Fixing day for hearing

(2) The judge to whom an application is made under subsection (1) shall fix a day not less than thirty days after the date of the filing of the application for the hearing of the application.

Notice

(3) An applicant shall serve a notice of the application made under subsection (1) and of the hearing of it on the Attorney General at least fifteen days before the day fixed for the hearing.

Order declaring interest not affected by forfeiture

(4) Where, on the hearing of an application made under subsection (1), the judge is satisfied that the applicant

(a) is not a person referred to in paragraph (1)(a), (b) or (c) and appears innocent of any complicity in any designated substance offence that resulted in the forfeiture of the property or of any collusion in relation to such an offence, and

(b) exercised all reasonable care to be satisfied that the property was not likely to have been used in connection with the commission of an unlawful act by the person who was permitted by the applicant to obtain possession of the property or from whom the applicant obtained possession or, where the applicant is a mortgagee or lienholder, by the mortgagor or lien-giver,

the judge may make an order declaring that the interest of the applicant is not affected by the forfeiture and declaring the nature and the extent or value of the interest.

Appeal from order made under subsection (4)

(5) An applicant or the Attorney General may appeal to the court of appeal from an order made under subsection (4), and the provisions of Part XXI of the Criminal Code with respect to procedure on appeals apply, with such modifications as the circumstances require, in respect of appeals under this subsection.

Return of property

(6) The Minister shall, on application made to the Minister by any person in respect of whom a judge has made an order under subsection (4), and where the periods with respect to the taking of appeals from that order have expired and any appeal from that order taken under subsection (5) has been determined, direct that

(a) the property, or the part of it to which the interest of the applicant relates, be returned to the applicant; or

(b) an amount equal to the value of the interest of the applicant, as declared in the order, be paid to the applicant.

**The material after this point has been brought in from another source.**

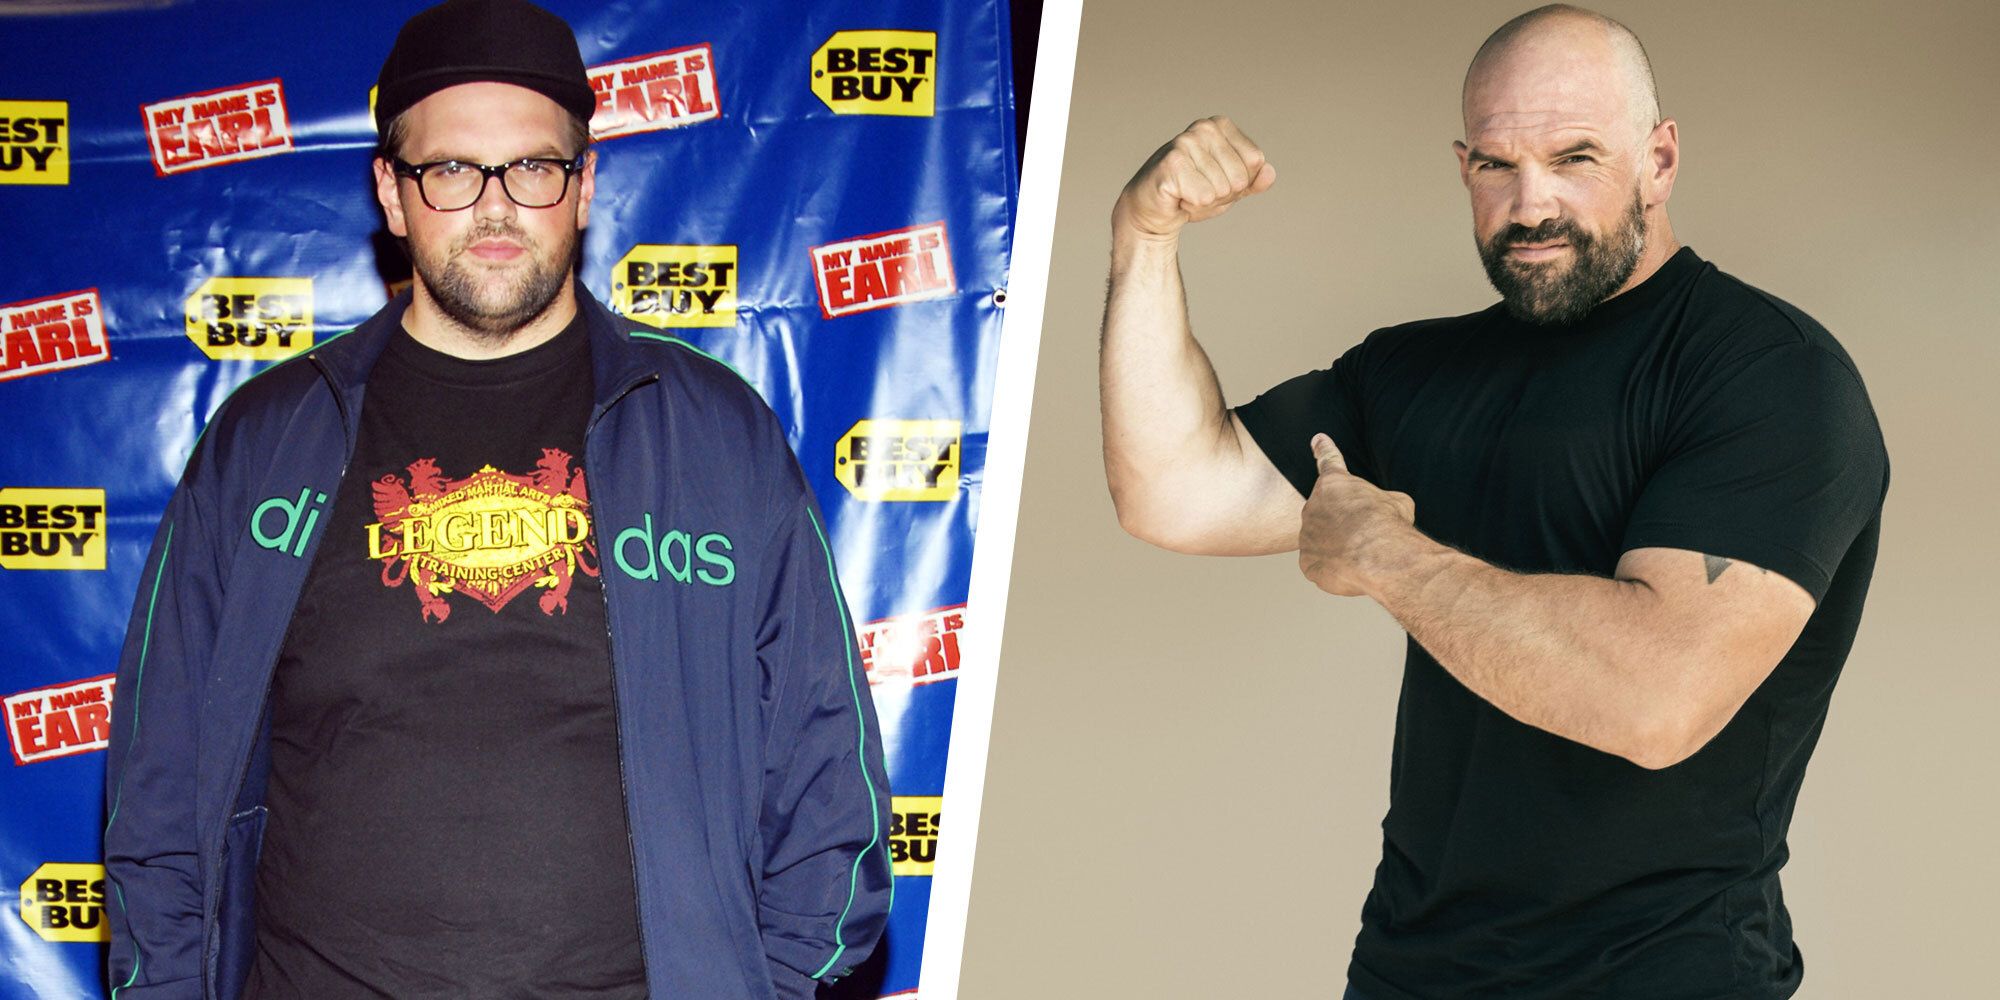 Actor Ethan Suplee 200-Pound Weight Loss photo photo

21. Any person who, in their opinion, is aggrieved by an order made under subsection 17(2) may appeal from the order as if the order were an appeal against conviction or against a judgment or verdict of acquittal, as the case may be, under Part XXI of the Criminal Code, and that Part applies, with such modifications as the circumstances require, in respect of such an appeal.

22. Notwithstanding anything in this Act, the operation of an order made in respect of property under subsection 16(1), 17(2) or 20(4) is suspended pending

(a) any application made in respect of the property under any of those provisions or any other provision of this or any other Act of Parliament that provides for restoration or forfeiture of the property, or

(b) any appeal taken from an order of forfeiture or restoration in respect of the property,

and the property shall not be disposed of or otherwise dealt with until thirty days have expired after an order is made under any of those provisions.